Consider the decomposition equilibrium for dinitrogen pentoxide: $$ 2 \mathrm{~N}_{2} \mathrm{O}_{5}(g) \rightleftharpoons 4 \mathrm{NO}_{2}(g)+\mathrm{O}_{2}(g) $$ At a certain temperature and a total pressure of \(1.00 \mathrm{~atm}\), the \(\mathrm{N}_{2} \mathrm{O}_{5}\) is \(0.50 \%\) decomposed (by moles) at equilibrium. a. If the volume is increased by a factor of \(10.0\), will the mole percent of \(\mathrm{N}_{2} \mathrm{O}_{5}\) decomposed at equilibrium be greater than, less than, or equal to \(0.50 \%\) ? Explain your answer. b. Calculate the mole percent of \(\mathrm{N}_{2} \mathrm{O}_{5}\) that will be decomposed at equilibrium if the volume is increased by a factor of \(10.0 .\)

Using Le Chatelier's principle, we can predict how the equilibrium system will shift in response to a change in the volume of the container. When the volume is increased, the system will shift in the direction of the side with more moles of gas to minimize the change in pressure. In our case, there are 4 moles of gas on the right side (4 moles of NO₂ and 1 mole of O₂) and only 2 moles on the left side (2 moles of N₂O₅). Therefore, when the volume is increased by a factor of 10, the equilibrium will shift to the right (towards the decomposition) to minimize the change in pressure. As a result, we can answer part (a) of the question: the mole percent of decomposed dinitrogen pentoxide will be greater than 0.50% after increasing the volume by the factor of 10.

To calculate the new equilibrium concentrations, we will use an ICE (initial-change-equilibrium) table. The initial concentrations can be represented as: - [N₂O₅] = 1 - \(0.005\) - [NO₂] = 0 - [O₂] = 0 Since the volume is increased by a factor of 10, the initial concentrations will be divided by 10: - [N₂O₅] = (1 - \(0.005\)) / 10 = \(0.0995\) - [NO₂] = 0 - [O₂] = 0 Now, let's denote x as the change in concentrations: - [N₂O₅] will decrease by 2x due to the stoichiometry of the balanced reaction. - [NO₂] will increase by 4x as a result of the decomposition. - [O₂] will increase by x due to its stoichiometry in the balanced reaction. At equilibrium, the concentrations will be: - [N₂O₅] = \(0.0995 - 2x\) - [NO₂] = \(4x\) - [O₂] = \(x\)

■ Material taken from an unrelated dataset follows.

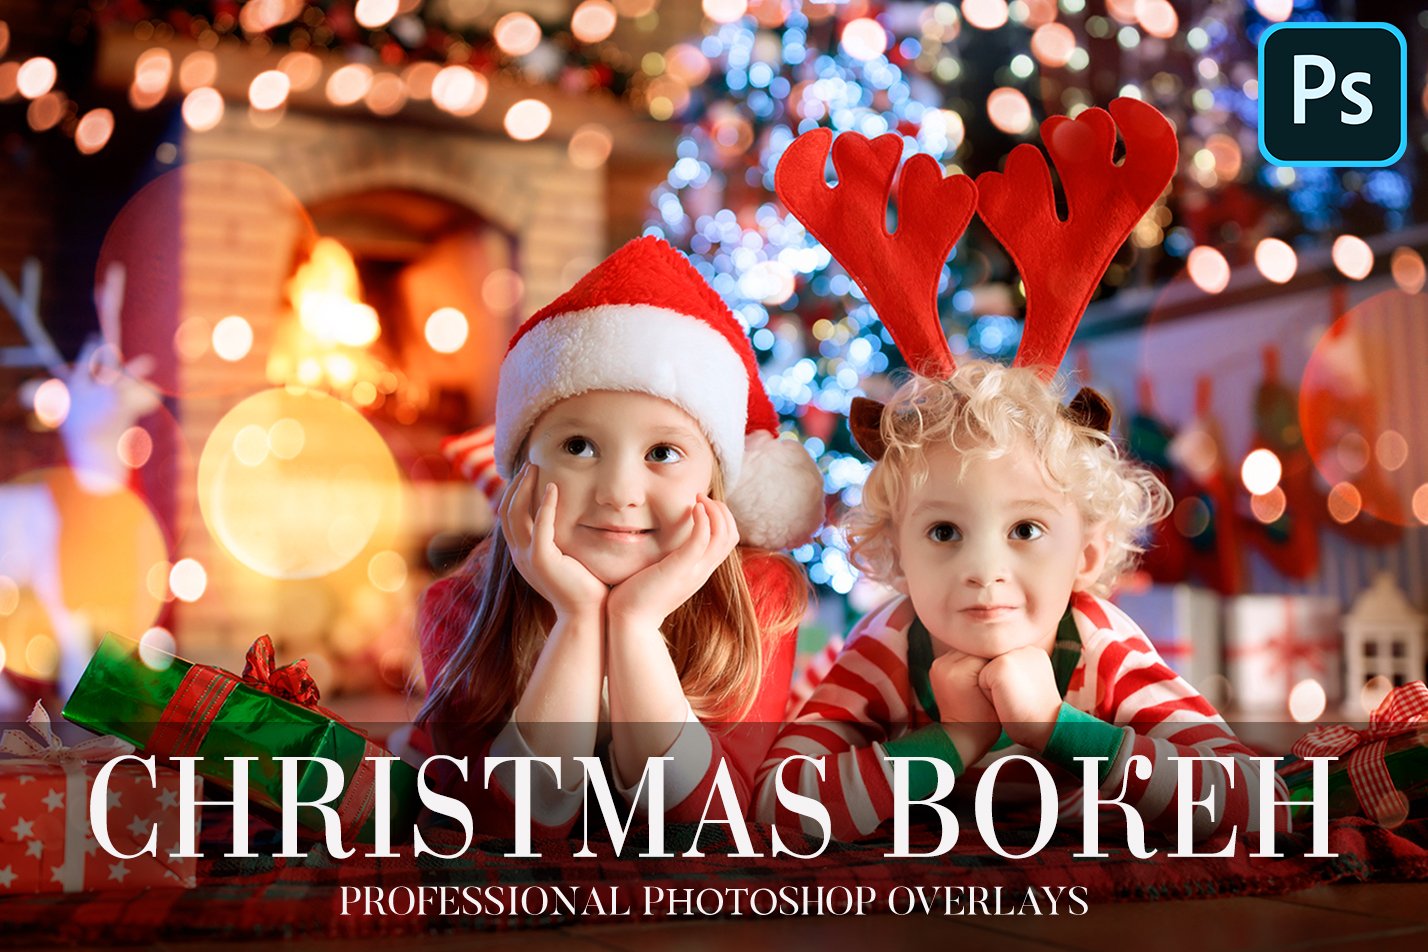 Photoshop Overlays - Christmas Bokehcover image.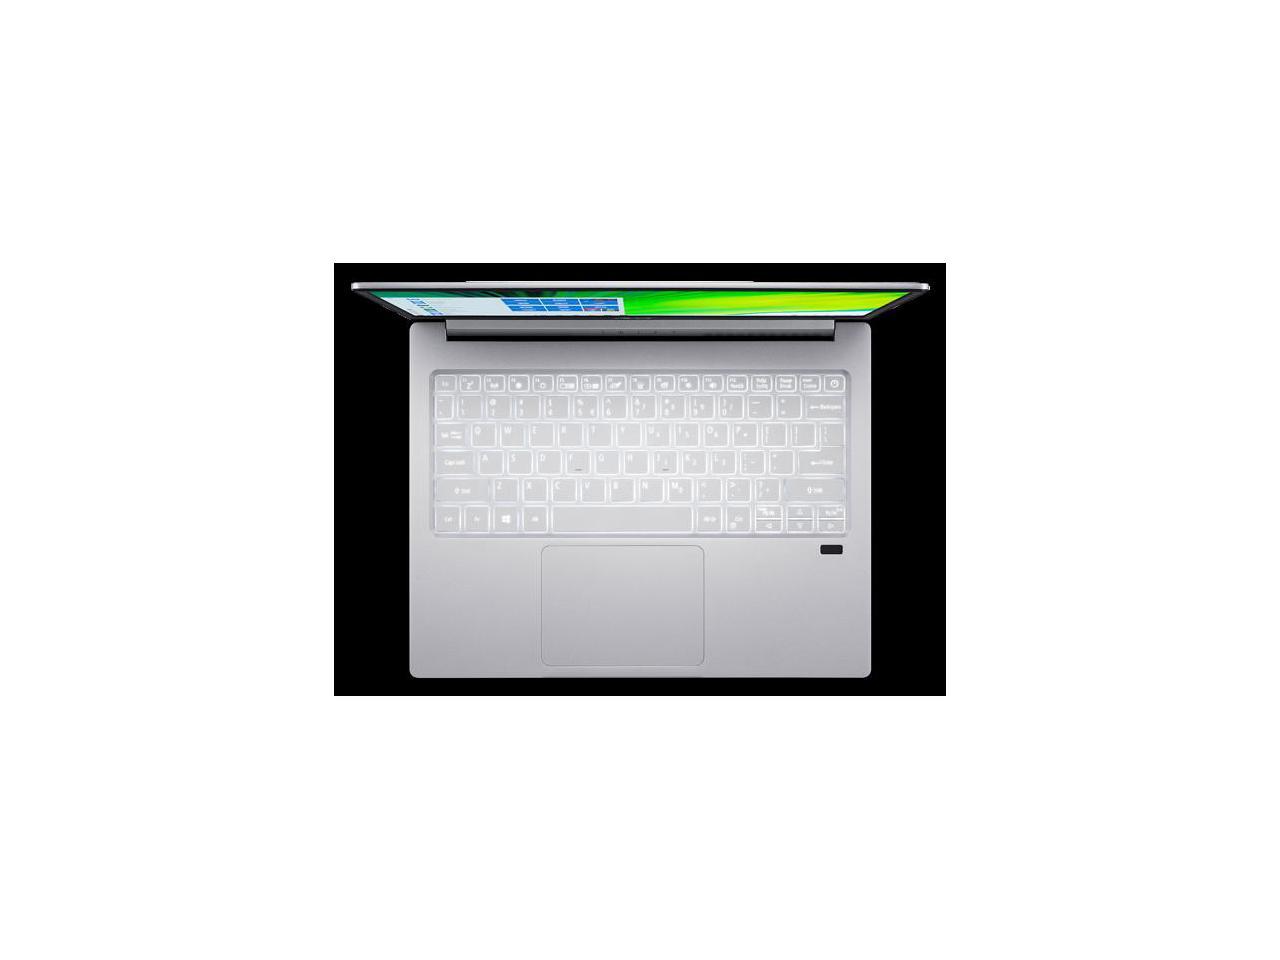 Acer Swift 3 Intel Evo Thin & Light Laptop, 13.5" 2256 x 1504 IPS, Intel Core i5-1135G7, Intel Iris Xe Graphics, 8GB LPDDR4X, 512GB NVMe SSD, Wi-Fi 6, Fingerprint Reader, Back-lit KB, SF313-53-56UU

Now we can write the reaction quotient, Qp, as follows: \[Qp = \frac{[NO_2]^4[O_2]}{[N_2O_5]^2}\] Since the initial total pressure is 1.00 atm, we can convert it to partial pressures of the reactants and products. Recall that \(Qp = Kp\) at equilibrium. Then, we have: \[Kp = \frac{(4x)^4(x)}{(0.0995 - 2x)^2} = 1.00\] We need to solve the above equation for x to calculate the new equilibrium concentrations. Solving this equation can be quite challenging algebraically. However, we can get a rough estimation of x by first assuming that the mole ratio of 2N₂O₅(g) → 4NO₂(g) + O₂(g) is small (since we expect x to be relatively small due to the 0.50% mole percent of decomposition). Then, we have: \[Kp = \frac{(4x)^4(x)}{(0.0995)^2} = 1.00\] Now, we can solve for x: \[x = \sqrt[5]{\frac{1.00 \times (0.0995)^2}{(4)^4}} \approx 0.0126\]

With the value of x, we can now determine the mole percent of decomposed dinitrogen pentoxide. The mole percent decomposed is given by: Mole percent decomposed = 100% × \(\frac{amt.~decomposed}{amt.~initial}\) Mole percent decomposed = 100% × \(\frac{2x}{0.0995}\) Mole percent decomposed = 100% × \(\frac{2 * 0.0126}{0.0995}\) ≈ \(25.3\%\) So, after increasing the volume by a factor of 10, the mole percent of decomposed dinitrogen pentoxide at equilibrium will be approximately \(25.3\%\).